Vuelta a la normalidad

Dejando de lado toda la agitación y el espectáculo, la ola republicana de 2010 es, simplemente, el retorno de la normalidad. La marea vino y se fue. El país, de centro-derecha, ha vuelto a poner las cosas en su sitio: en el mapa político se ve un mar interior de color rojo republicano rodeado de costas azul demócrata, color que también se impone en zonas con alta concentración étnica o urbana.


	Dejando de lado toda la agitación y el espectáculo, la ola republicana de 2010 es, simplemente, el retorno de la normalidad. La marea vino y se fue.
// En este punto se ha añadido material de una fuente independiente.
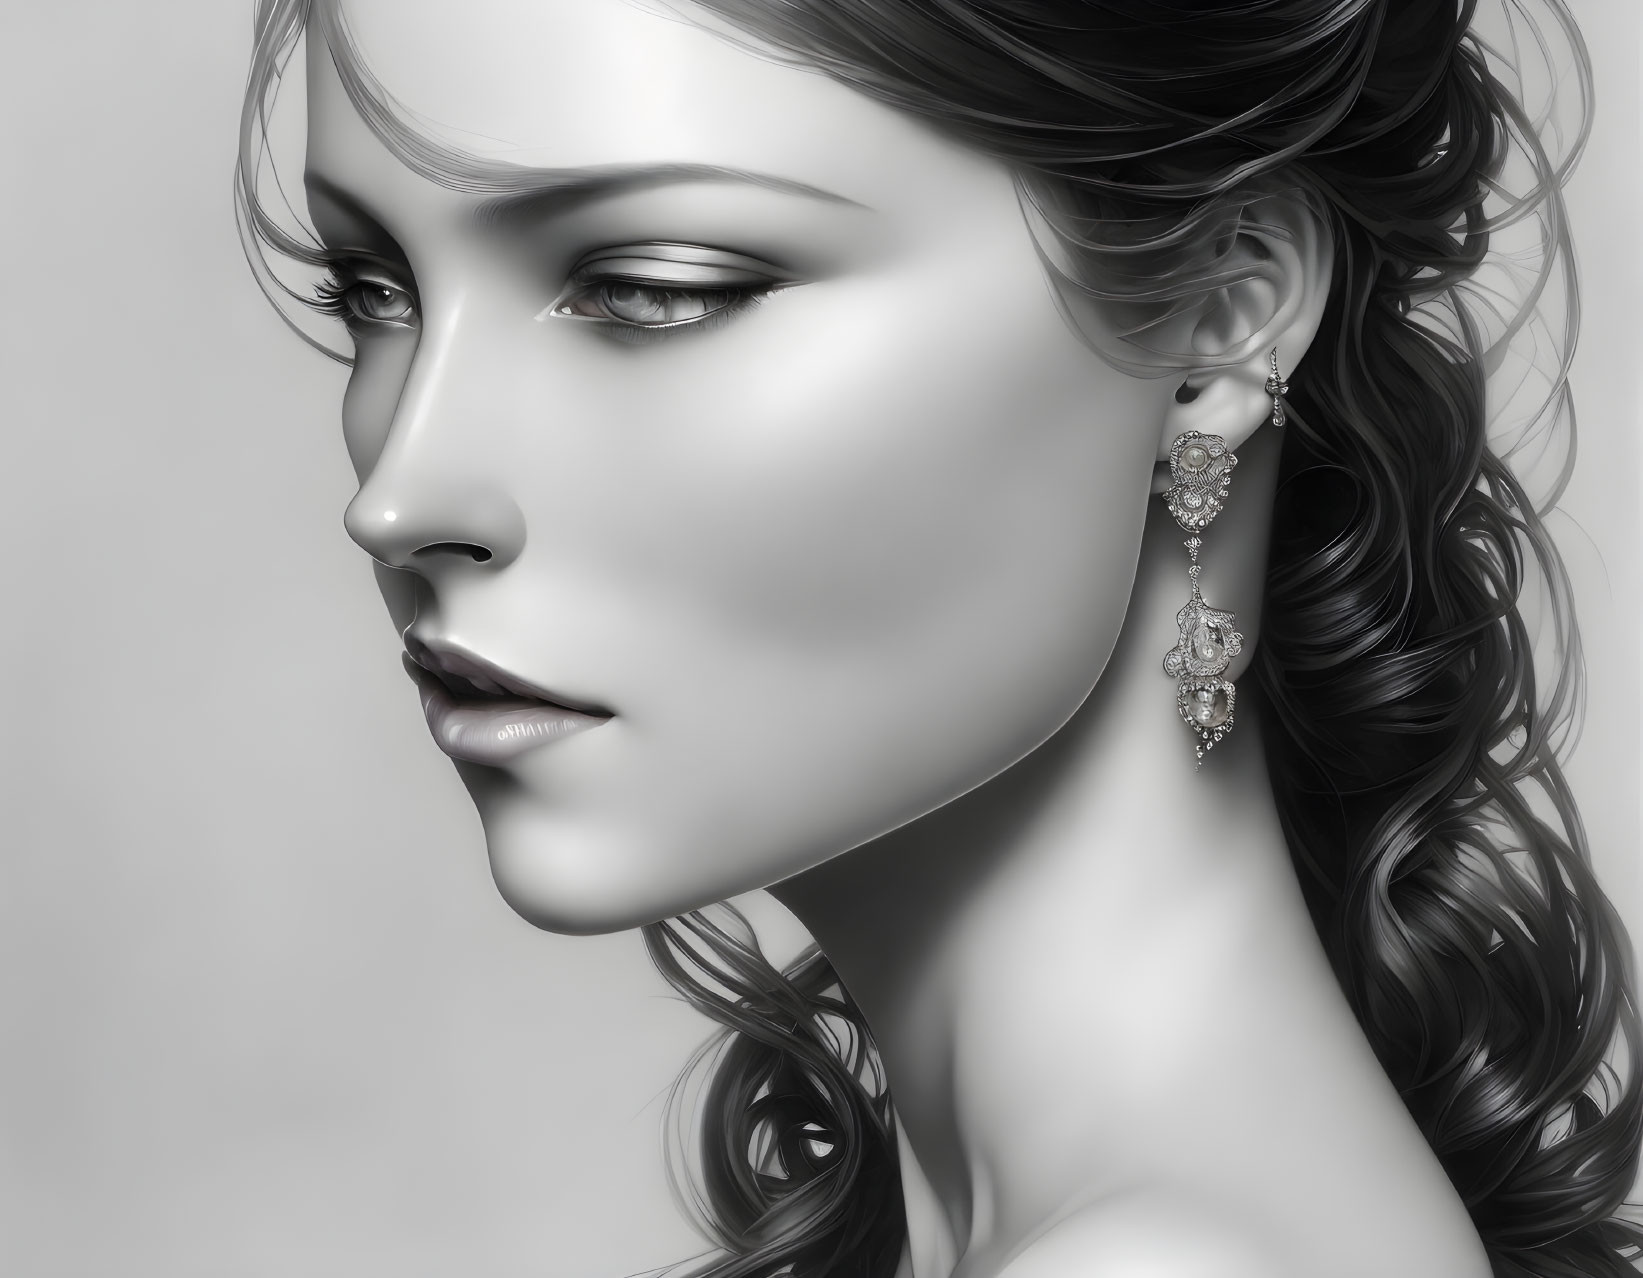 Monochrome image of woman's side profile with elegant earring

El país, de centro-derecha, ha vuelto a poner las cosas en su sitio: en el mapa político se ve un mar interior de color rojo republicano rodeado de costas azul demócrata, color que también se impone en zonas con alta concentración étnica o urbana.
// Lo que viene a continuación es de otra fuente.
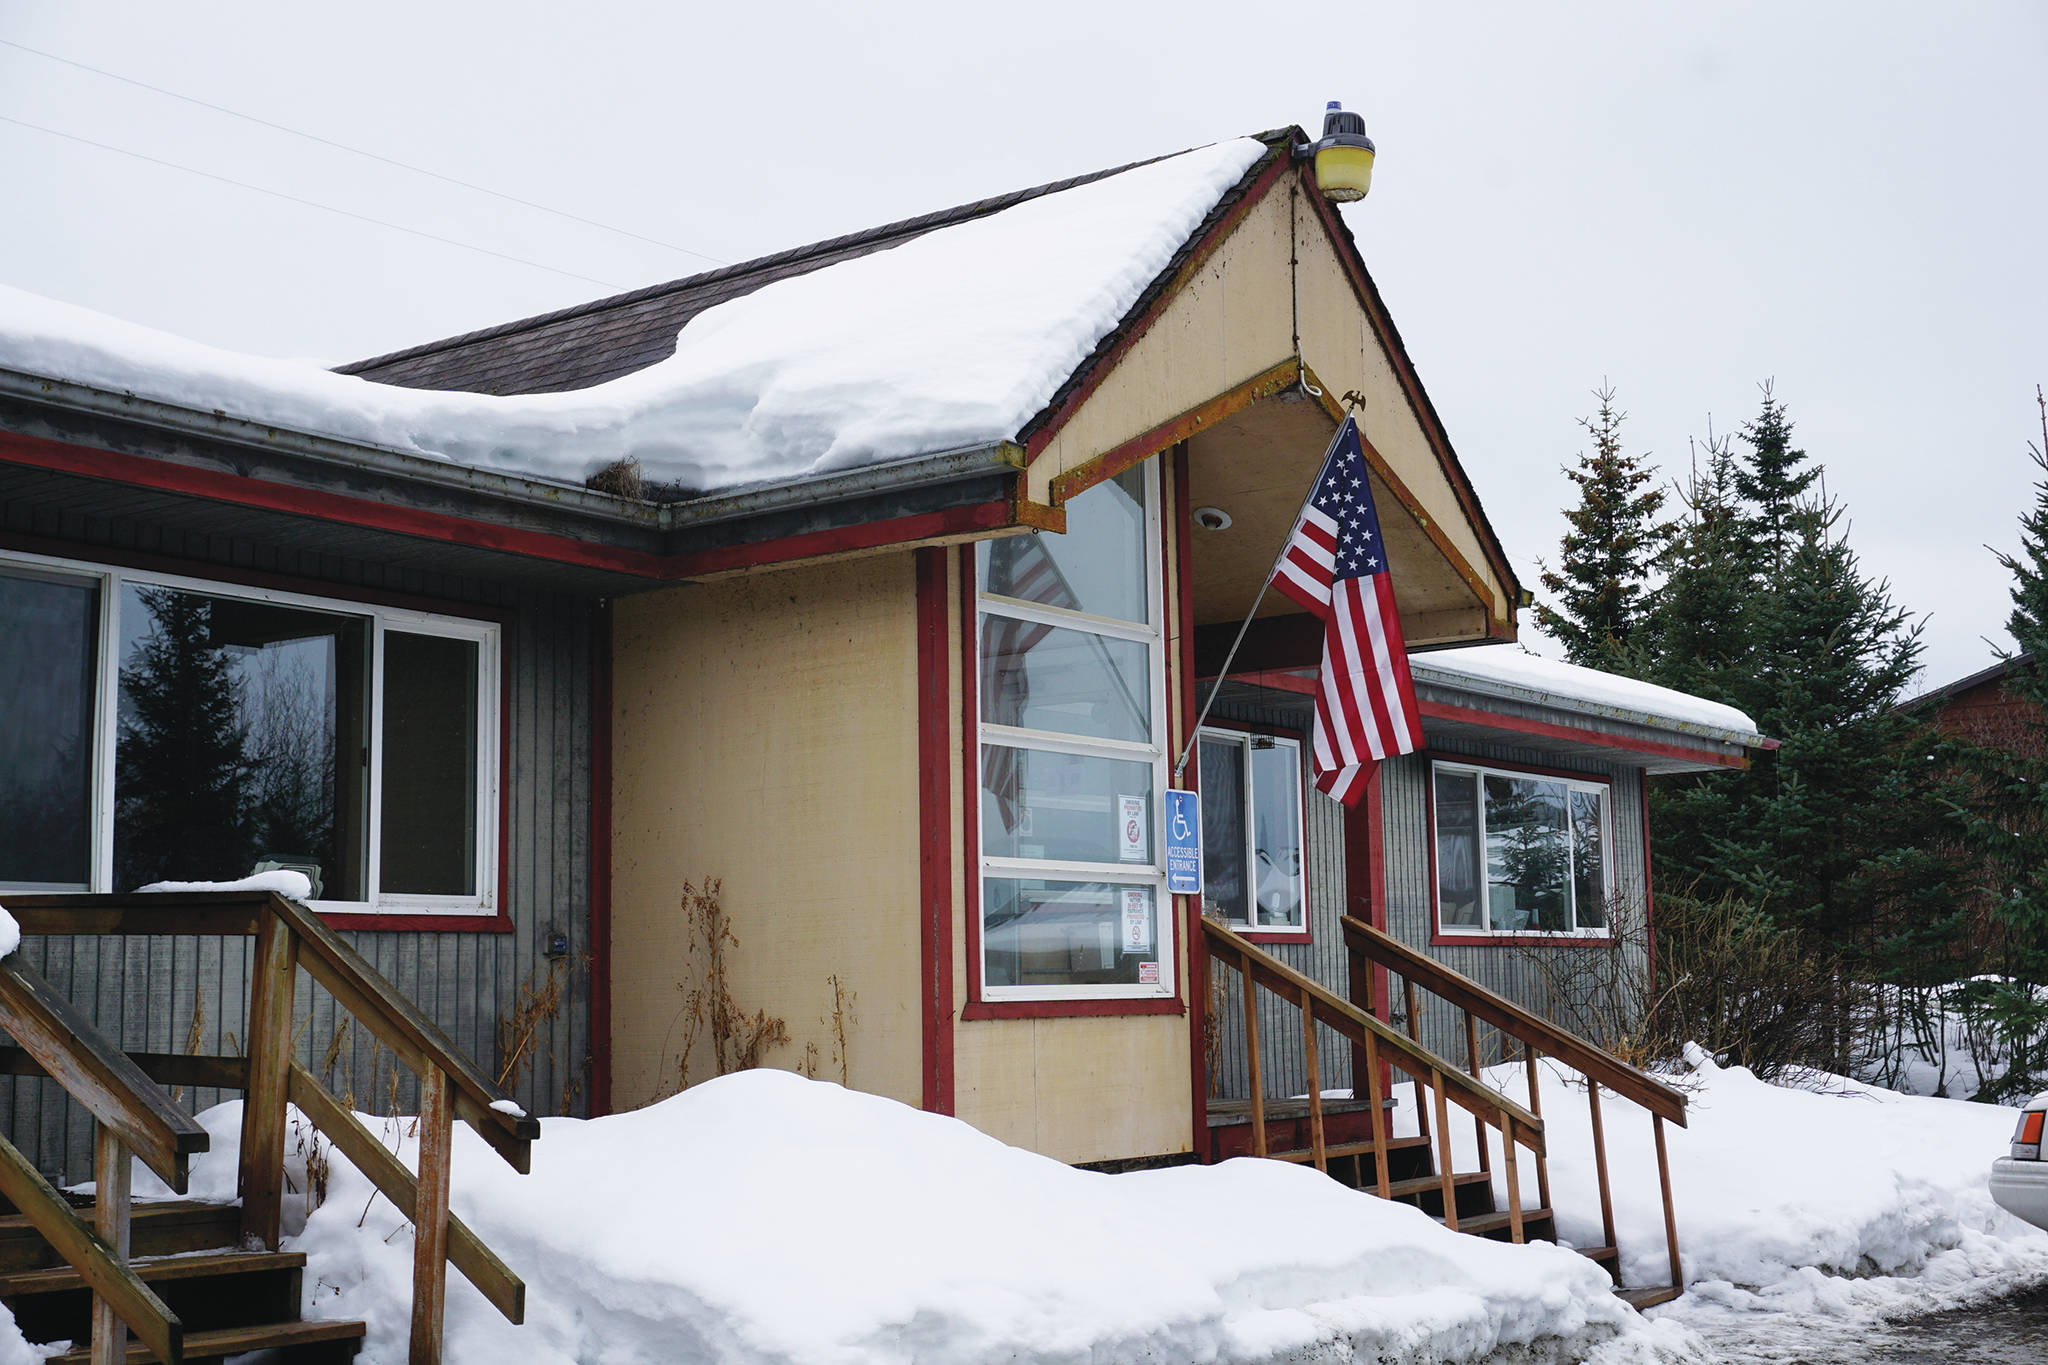 The Homer News offices at 3482 Landings Street, as seen on March 17, 2020, in Homer, Alaska. (Photo by Michael Armstrong/Homer News)

La ola roja de 2010 no ha hecho sino anular la ola azul de 2006-2008, cuando los demócratas se hicieron con 54 escaños en la Cámara de Representantes (los mismos que cosechó la ola antidemócrata de 1994). Los demócratas han devuelto lo que habían tomado... y diez escaños más de propina.
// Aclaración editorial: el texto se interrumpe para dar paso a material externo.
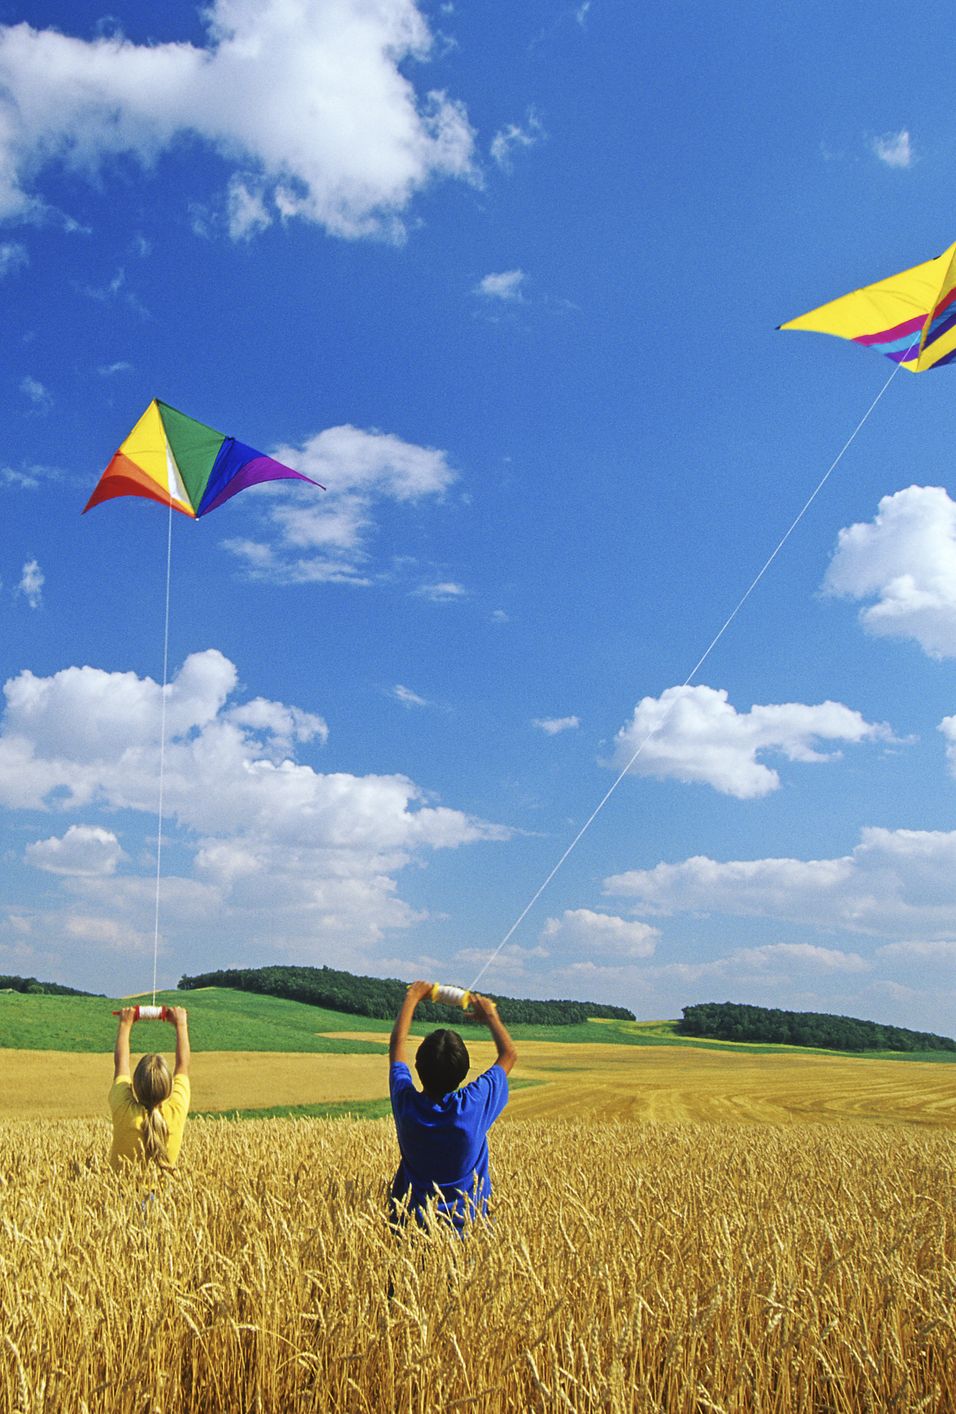 Good Friday Facts Children Flying Kites Blue Sky Wheat Field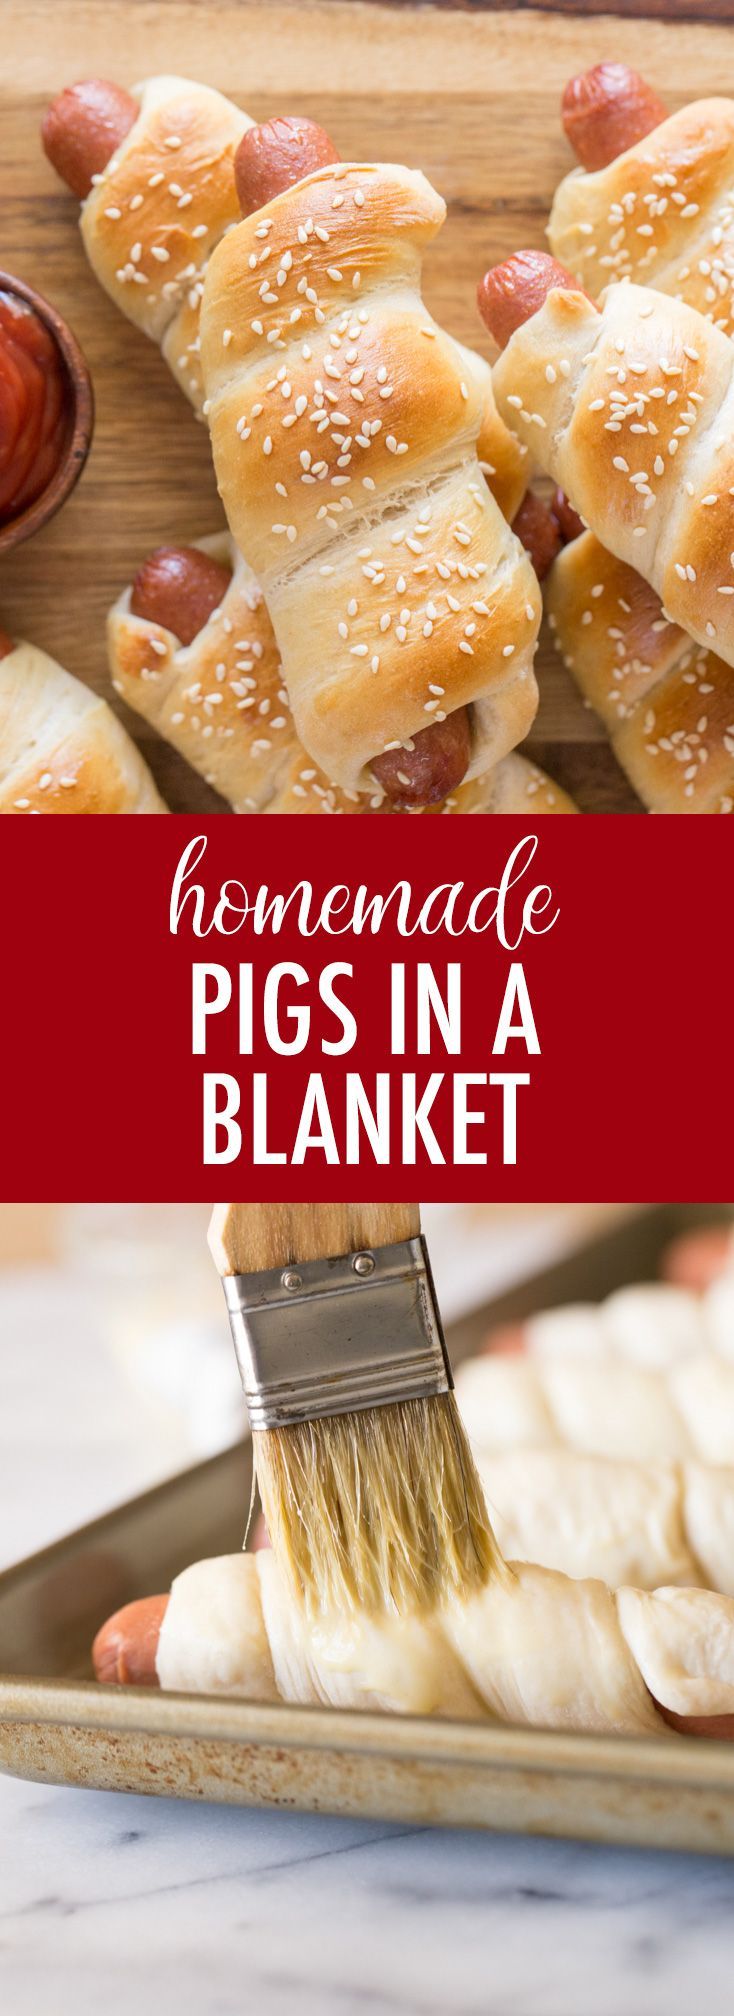 These Homemade Pigs in a Blanket are the perfect summer lunch for your kiddos! You can make your own dough, or use a store-bought pizza dough. -   22 home made pizza recipes
 ideas

La sabiduría convencional dice que estos vaivenes son algo novedoso, exótico, muy moderno, relacionado con los nuevos medios de comunicación, la mayor caducidad de la información, el frenesí de internet y una opinión pública muy poco paciente con los políticos. O, alternativamente, que se trata de un reflejo de una realidad donde cada vez hay menos fans de un partido y más votantes independientes.

Tonterías.

En 1946, cuando la lealtad al partido era mucho más fuerte y la televisión era prácticamente desconocida, los republicanos se hicieron con 56 escaños en la Cámara... y perdieron 75 en las siguientes elecciones. Las olas vienen. Las olas van. La república permanece.

Los últimos dos vuelcos fueron consecuencia de acontecimientos históricos bastante chocantes. El batacazo republicano de 2006 fue producto, en gran medida, del desencanto y la cuasi desesperación generados por una guerra extenuante que parecía perdida. Y las elecciones de 2008 se produjeron sólo unas semanas después de la peor catástrofe financiera en ocho décadas.

De igual forma, el vuelco republicano de 2010 ha sido una reacción a otro hecho abracadabrante: un partido en el poder que malinterpreta de forma garrafal el mandato que ha recibido y somete un país reacio a un experimento hiper-progresista durante dos años.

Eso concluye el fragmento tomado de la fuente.